What the exercise asks: In the material below, find the line with "Urania's Mirror; ou, une" and the line with "Big bigCover of". Output exactly those two lines and all lines between them, leaving out pictures.

Input START

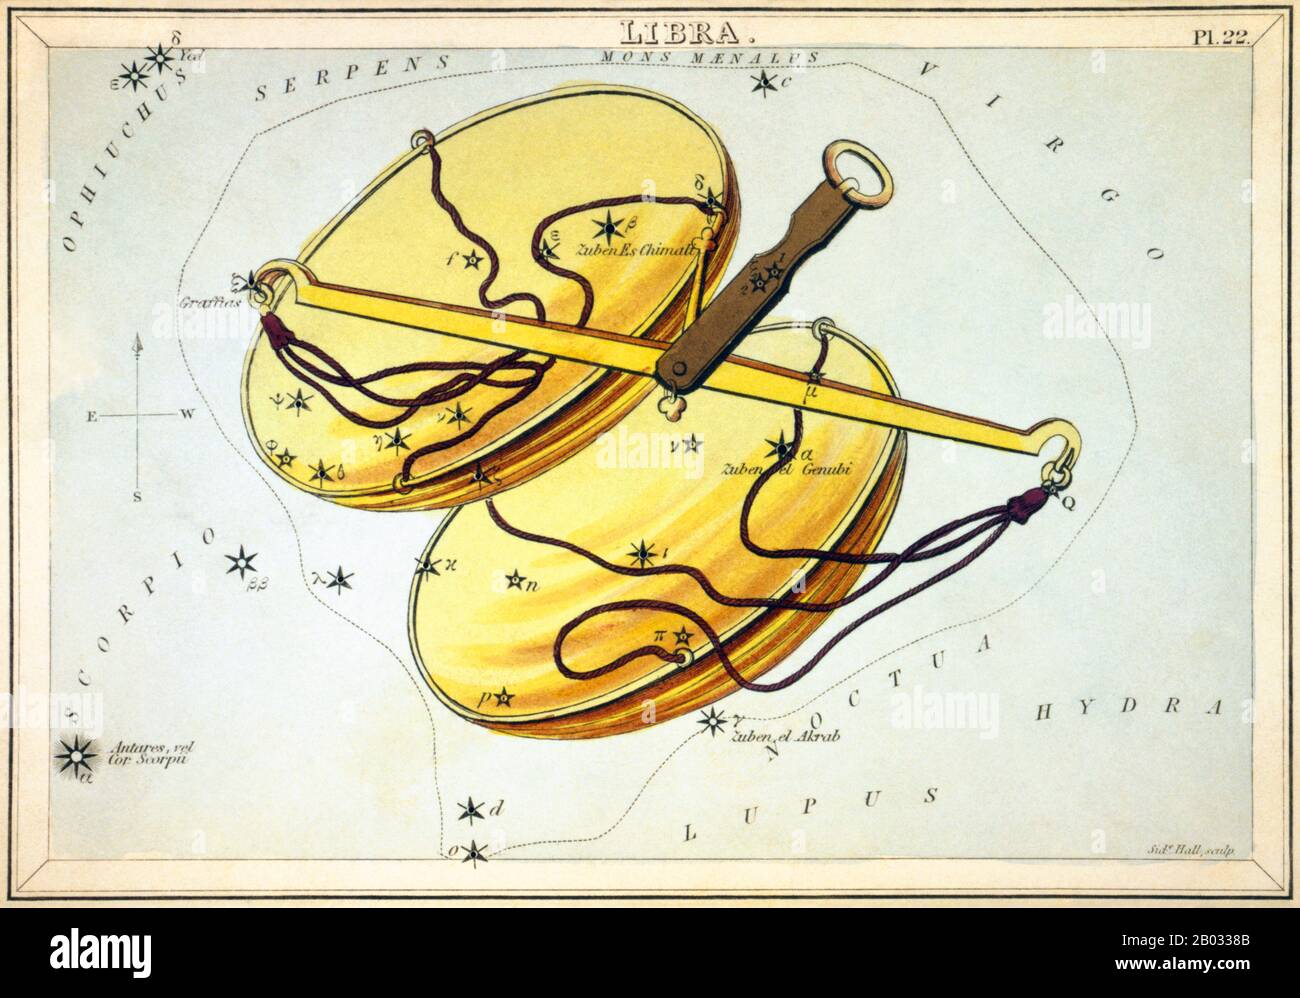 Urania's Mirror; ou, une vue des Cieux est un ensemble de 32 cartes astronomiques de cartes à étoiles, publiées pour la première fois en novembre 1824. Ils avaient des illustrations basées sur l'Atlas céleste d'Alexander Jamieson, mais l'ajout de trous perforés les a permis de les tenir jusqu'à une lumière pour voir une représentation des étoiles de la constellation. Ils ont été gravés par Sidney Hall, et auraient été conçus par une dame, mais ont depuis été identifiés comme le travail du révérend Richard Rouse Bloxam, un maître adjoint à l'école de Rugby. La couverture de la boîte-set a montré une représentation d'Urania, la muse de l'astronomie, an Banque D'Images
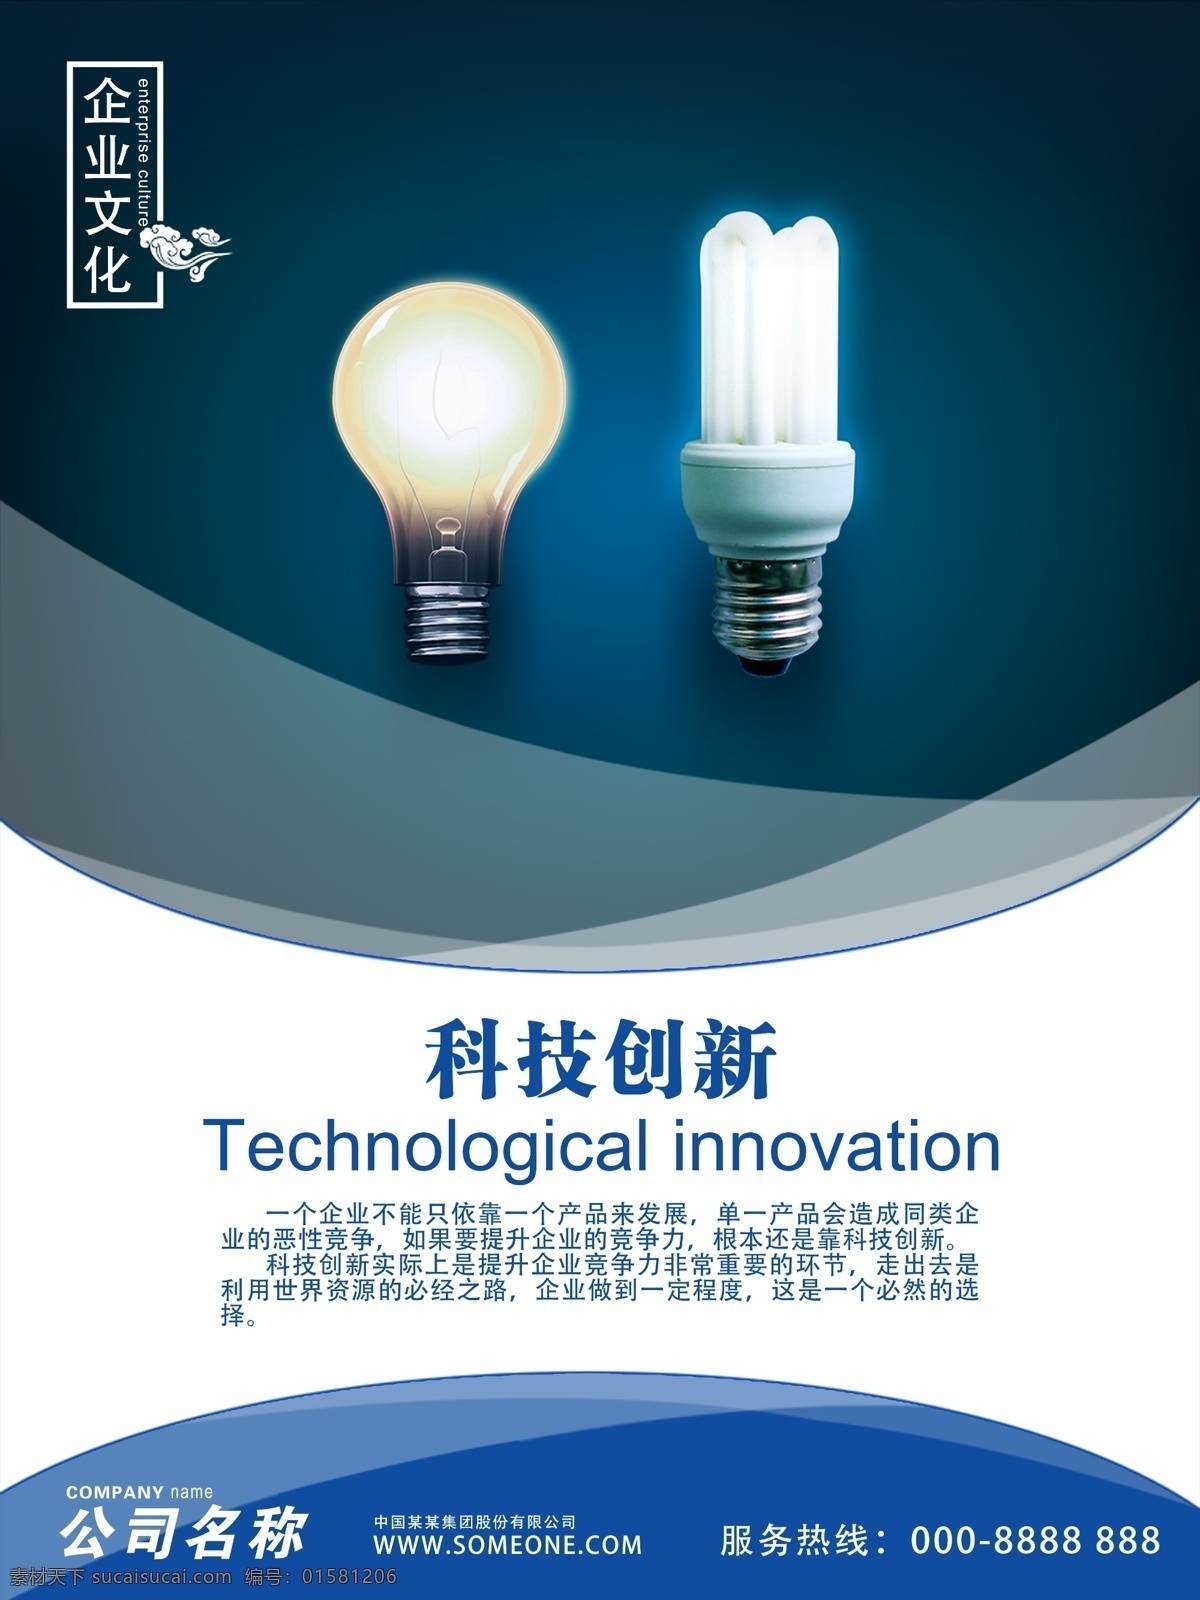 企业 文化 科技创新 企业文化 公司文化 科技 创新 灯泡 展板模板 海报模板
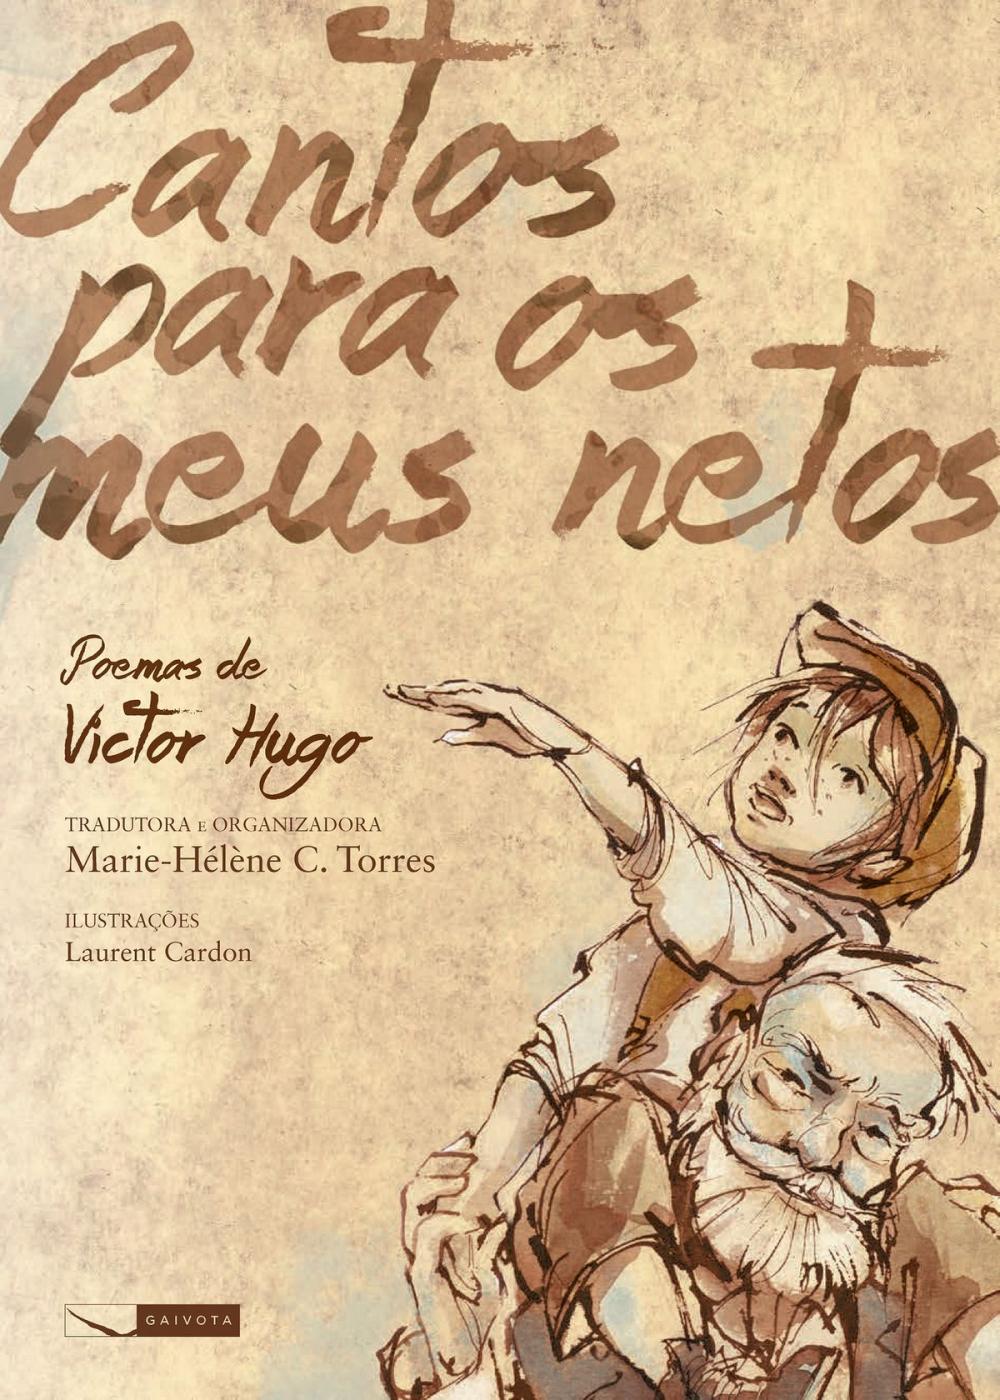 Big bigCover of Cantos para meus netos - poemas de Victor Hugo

Input END
Input START

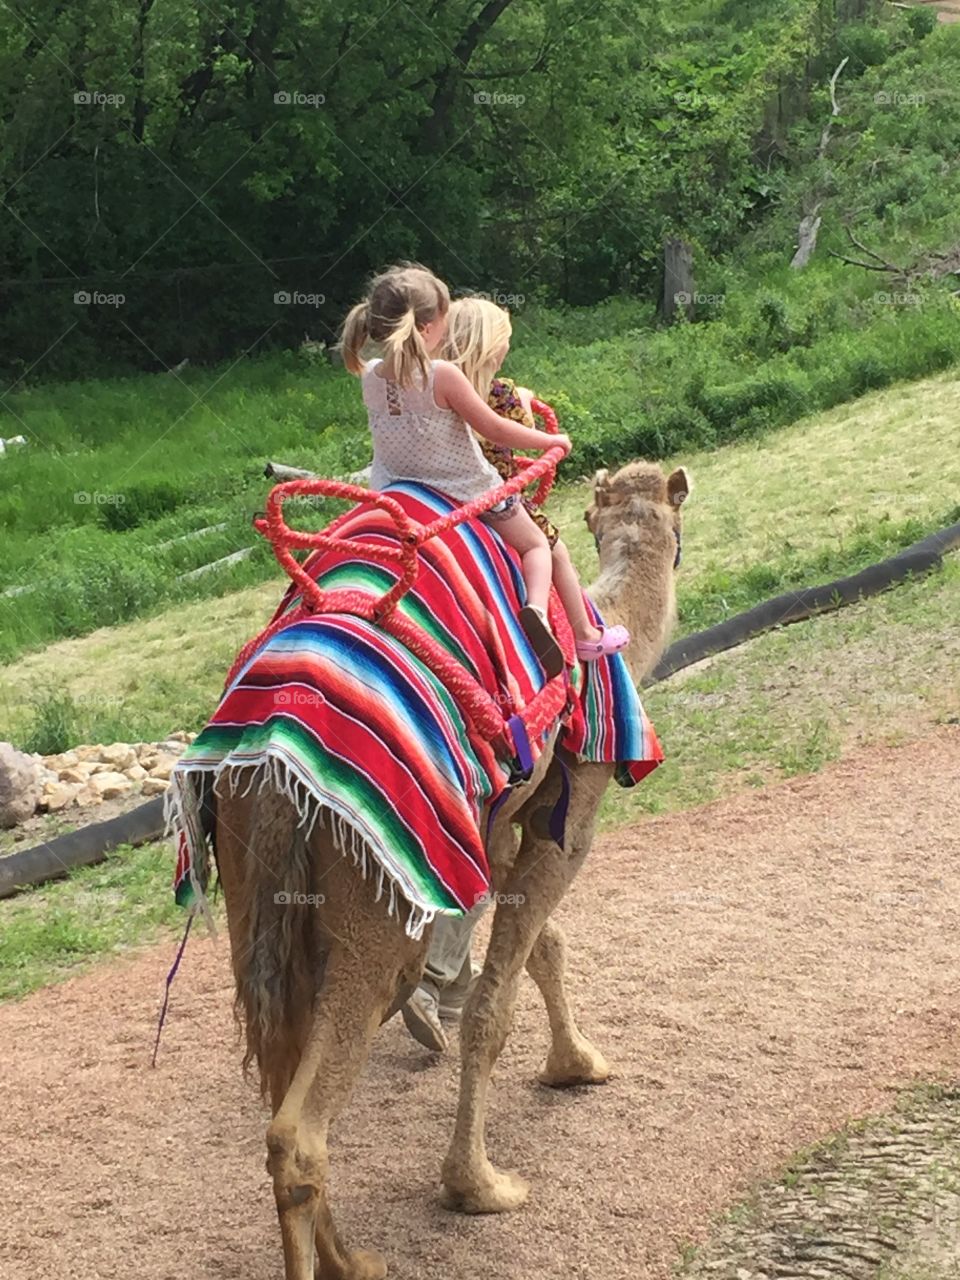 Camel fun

Input END

Task answer:
 Urania's Mirror; ou, une vue des Cieux est un ensemble de 32 cartes astronomiques de cartes à étoiles, publiées pour la première fois en novembre 1824. Ils avaient des illustrations basées sur l'Atlas céleste d'Alexander Jamieson, mais l'ajout de trous perforés les a permis de les tenir jusqu'à une lumière pour voir une représentation des étoiles de la constellation. Ils ont été gravés par Sidney Hall, et auraient été conçus par une dame, mais ont depuis été identifiés comme le travail du révérend Richard Rouse Bloxam, un maître adjoint à l'école de Rugby. La couverture de la boîte-set a montré une représentation d'Urania, la muse de l'astronomie, an Banque D'Images
 企业 文化 科技创新 企业文化 公司文化 科技 创新 灯泡 展板模板 海报模板
 Big bigCover of Cantos para meus netos - poemas de Victor Hugo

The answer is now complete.